Gonçalves – Não posso me manifestar em abstrato. Não me lembro mais do caso. Naquela noite foram 14 flagrantes e em nenhum deles houve manifestação do MP requerendo prisão. Todos tinham sido comunicados pela autoridade policial ao MP. Naquela noite soltei outras pessoas que haviam assaltado pessoas pobres, e quanto a isso não há indignação popular. Nem quero imaginar que esteja havendo discussão elitizada. Não há previsão legal de dar vista ao MP. Quando o juiz recebe, já tem de receber com os pedidos, seja de defesa, seja do MP. E no caso, em alguns dos 14 flagrantes, havia pedido da defensoria pública. Sinal de que havia um defensor de plantão que teve o cuidado de já encaminhar com o auto de prisão em flagrante o pedido de concessão de liberdade.

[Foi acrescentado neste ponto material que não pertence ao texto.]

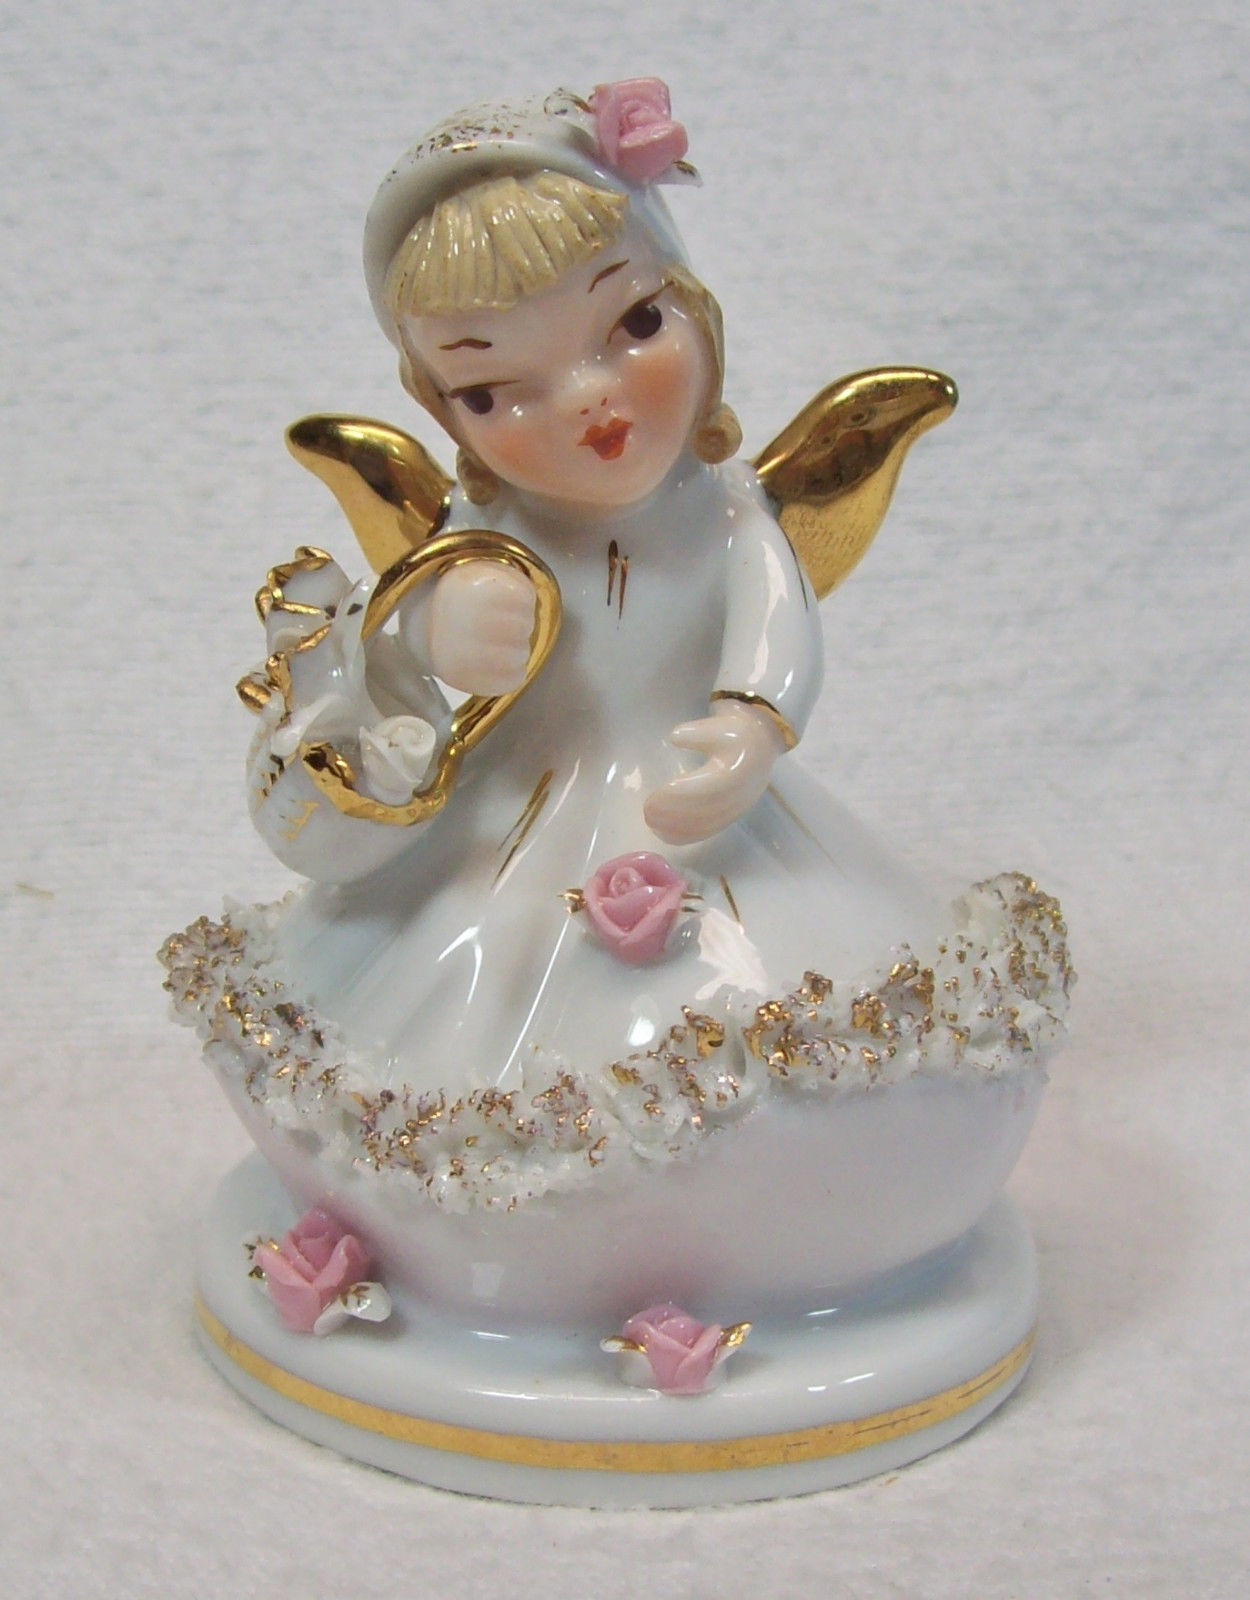 Lefton China Porcelain Angel Figurine Going and similar items

ZH – O senhor quer dizer que a defensoria pública estava atenta e o Ministério Público não?

Gonçalves – Não posso avaliar o que ocorreu. Mas em nenhum momento demos vista à defensoria no serviço de plantão no fórum, assim como não foi dado ao MP, pois nós entendemos que a eles cabe estar atentos e fazer cada um o seu papel.

ZH – O MP fora comunicado do flagrante e o senhor o homologou.
Gonçalves – Exatamente, homologuei e isso não está sendo dito.

ZH – O senhor homologou porque todas as formalidades estavam atendidas, inclusive, a comunicação ao MP. É isso?

Gonçalves – Sim, tinha todas as formalidades, só não tinha um pedido de prisão. Então eu acho que a culpa (pela libertação dos suspeitos) não pode ser atribuída a mim.

ZH – Em casos semelhantes, com manifestação do MP de pedido de prisão e como o senhor considera esse tipo de crime grave, o senhor teria decretado a prisão?
Gonçalves – Temos de avaliar caso a caso. A princípio, só a gravidade do delito não é suficiente para decretar uma prisão preventiva.

ZH – O roubo de veículos, com mortes ou feridos, tem grande repercussão. O senhor avalia que a comoção social tem de ser levada em conta na decisão do juiz?
Gonçalves – Eu vejo o juiz como um garantidor, não como um dos atores da segurança pública. O juiz tem de garantir os direitos seja de quem for, do mais humilde ao mais rico. Merecem todos ter um juiz que esteja isento de pressões ou qualquer influência. Como não há previsão legal, entendo que não é possível decretar prisão pelo clamor público. Sendo legalista.

ZH – O senhor diz que o juiz tem de garantir direitos de todos. Sua decisão contribuiu para garantir os direitos da vítima?
Gonçalves – O juiz do processo penal deve garantir os direitos da pessoa sujeita ao processo. Isso não afasta que eu tenha sensibilidade e tenha compaixão. Minha preocupação também é com as vítimas, mas não posso, como juiz neutro, adotar uma ou outra posição. Tenho visto muita gente fazer o discurso fácil de proteção à vítima, mas elas próprias não fazem nada. E eu faço. Eu integro o movimento que visa à proteção das vítimas.

ZH – Decisões assim não contribuem para aumentar a sensação de insegurança e de impunidade?
Gonçalves – Não vejo dessa forma. Isso vai muito da repercussão que se dá a cada caso.

ZH – O MP designou um promotor específico para recorrer de suas decisões. Como o senhor vê isso?
Gonçalves – Vejo com tristeza, o próprio MP admitir que tem que colocar mais de um promotor para trabalhar com um juiz. É sinal de que um juiz trabalha o mesmo que dois, três promotores. Mas eles estão no papel deles, o de recorrer (das decisões).

ZH – O senhor não vê anormalidade nessa medida?
Gonçalves – Não. Quem tem de ver anormalidade é o Ministério Público.